Recently we went to the Madonna della Strada Chapel at the Lake Shore Campus of Loyola University to find answers about work that Edgar Miller possibly created for the space. This gem of an Art Deco-style chapel, designed by architect Andrew Rebori, opened in 1938. Miller, by then a close friend of Rebori, submitted designs for many art installations, including the large rose windows facing Lake Michigan at the front of the building. 


Front facade of Madonna della Strada Chapel (Photo: Loyola University)

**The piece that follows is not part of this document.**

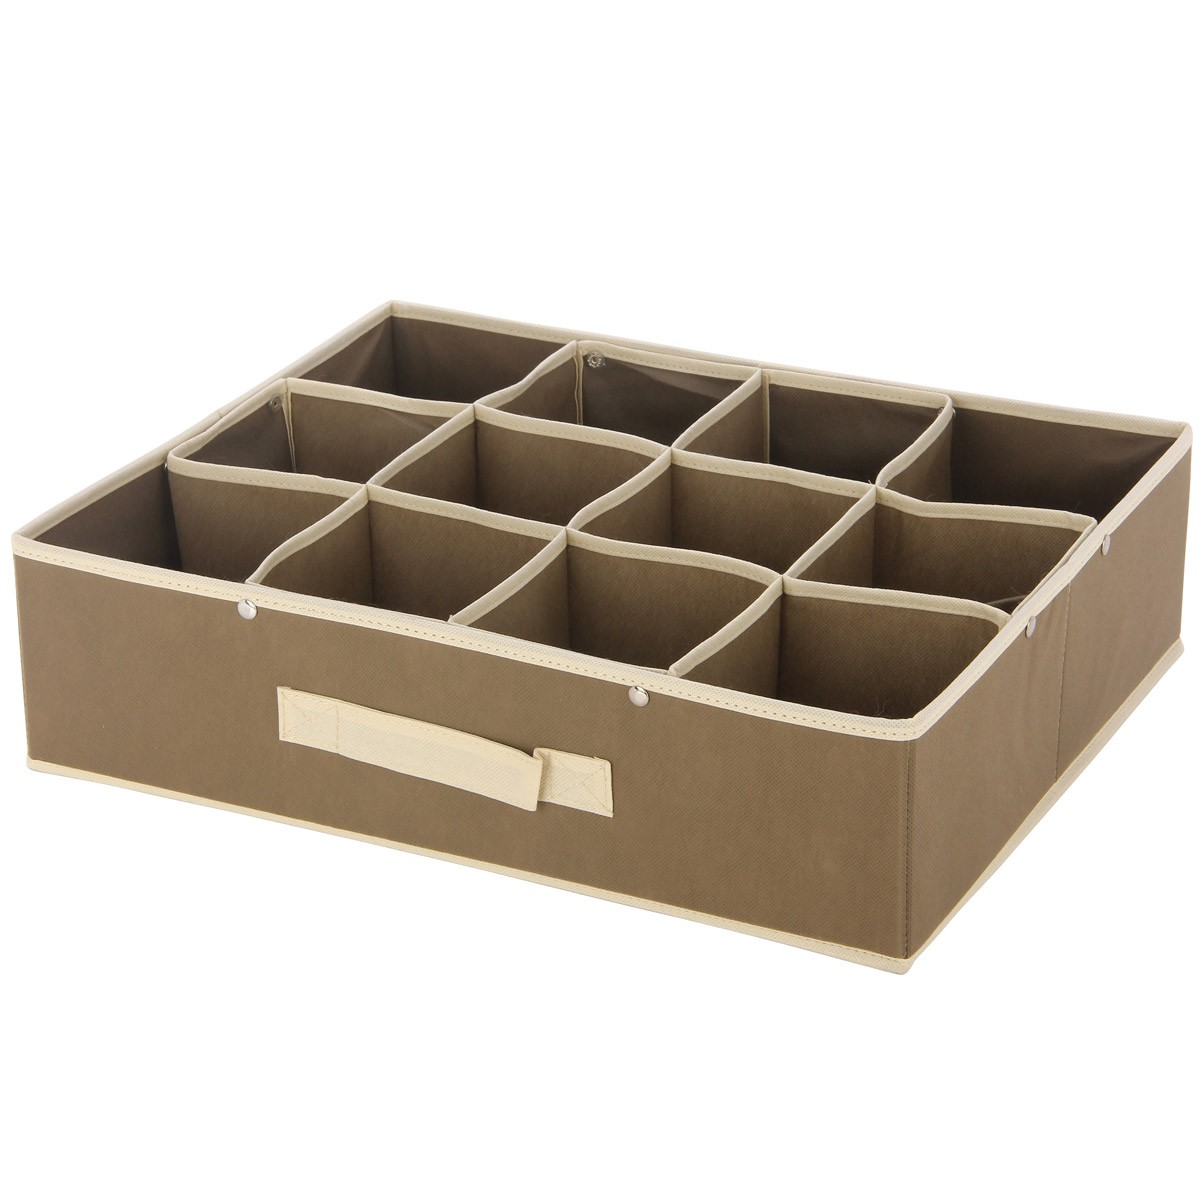 Κουτί Τακτοποίησης 12 Θέσεων εstia 03-0721 Brown home   κρεβατοκάμαρα   οργάνωση ντουλάπας

The rose windows are the biggest source of confusion because Miller and another craftsman-artist Karl Hackert submitted designs for them, and while no letter ever expressed that they chose Hackert over Miller, recent research done by a Loyola student, Guy Valponi, shows a clear leaning toward Hackert as the final executor of the windows. Father Mertz, the priest in charge of the project, expressed that Hackert’s work was a lot cheaper and higher quality, although there are also reasons to believe that Mertz’s strong personality and Edgar’s devotion to art over practical costs came into conflict, and caused a rift between the two. 



Still, the rose window design looks very similar to Miller’s sketches for the project, and exhibit his distinct design patterns, such as the use of clovers and a primitive aesthetic. It is completely possible that they used Miller’s designs but commissioned Hackert to execute them, due to his ability to work at a cheaper rate. Unfortunately, a definitive answer to this quandary is unavailable due to a lack of existing records. 

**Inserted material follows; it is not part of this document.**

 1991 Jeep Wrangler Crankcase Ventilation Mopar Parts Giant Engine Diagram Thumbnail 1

Sketch of proposed rose windows by Miller (Photo by Alexander Vertikoff; Image courtesy Aldinger Collection)


On the front facade of the building are four relief sculptures, depicting the Four Evangelists, and though they aren’t officially credited as Edgar Miller’s work, the overall appearance combined with evidence that Miller worked with Rebori on other aspects of the chapel’s design, leads many to believe that Miller was responsible for their design and probably their execution, too.

Vintage images of the bas relief sculptures before they were attached to the front facade of the chapel:


It is unclear what Edgar specifically created inside the chapel, though there are many pieces that remind us of his work. It is known that Miller submitted a proposal for the Stations of the Cross to be done as an elaborate mosaic, which would have wrapped completely around the chapel nave. It was dismissed as completely unfeasible because of the limited, Depression-era budget, and another artist was chosen to paint the Stations. Though it remains unclear what work is Edgar’s, we were impressed by the mosaics in the building's crypt and in the Madonna della Strada Shrine to one side of the chancel. Valponi remarks that the evidence points to Hackert as the executor for the North American Martyrs Shrine, but limited information on the Madonna della Strada Shrine leaves us wondering about its creator. The mosaic work as well as the stained glass windows in the Madonna Shrine have strong stylistic similarities to Miller's aesthetic. The color scheme and geometric patterns resemble the chapel’s rose window, so again, it is entirely possible Miller's designs were used but he was not the executor. 

Images of the crypt mosaics and the Madonna Shrine:


Photo: Larry Zgoda

Ceiling and wall mosaics, stained glass windows, and cast bronze plaques in the Madonna Shrine show resemblance to Miller's style

Angel plaques which bear a strong similarity to the Madonna and Child sculpture credited to Miller (see below)


Even woodcarvings in the rectory exhibit zigzag patters and a bas relief image of a Madonna and Child that seem peculiarly evocative of Miller’s artistic style and design sensibilities, but there is no clear record of who created them. The Loyola theology professor who gave us our tour, John Paul Salay, also took us into the bell tower where they store a bronze sculpture of a similar Madonna and Child. This sculpture, more than any other, seems clearly the work of Miller’s and is reported to have offended Father Mertz for overly resembling the statuary of Eastern religions. It was meant to sit at the alter of the chapel, but because it didn’t align with Mertz’s tastes, was relegated for many years to a spot on a wall outside the building, only to then find its way to its current storage area in the bell tower.


Carving of Madonna and Child in the chapel rectory

Madonna and Child credited to Miller, now in storage

If anything, our visit to the chapel created more questions than answers, but regardless, we are glad to have experienced such a beautiful building with so many interesting works of art.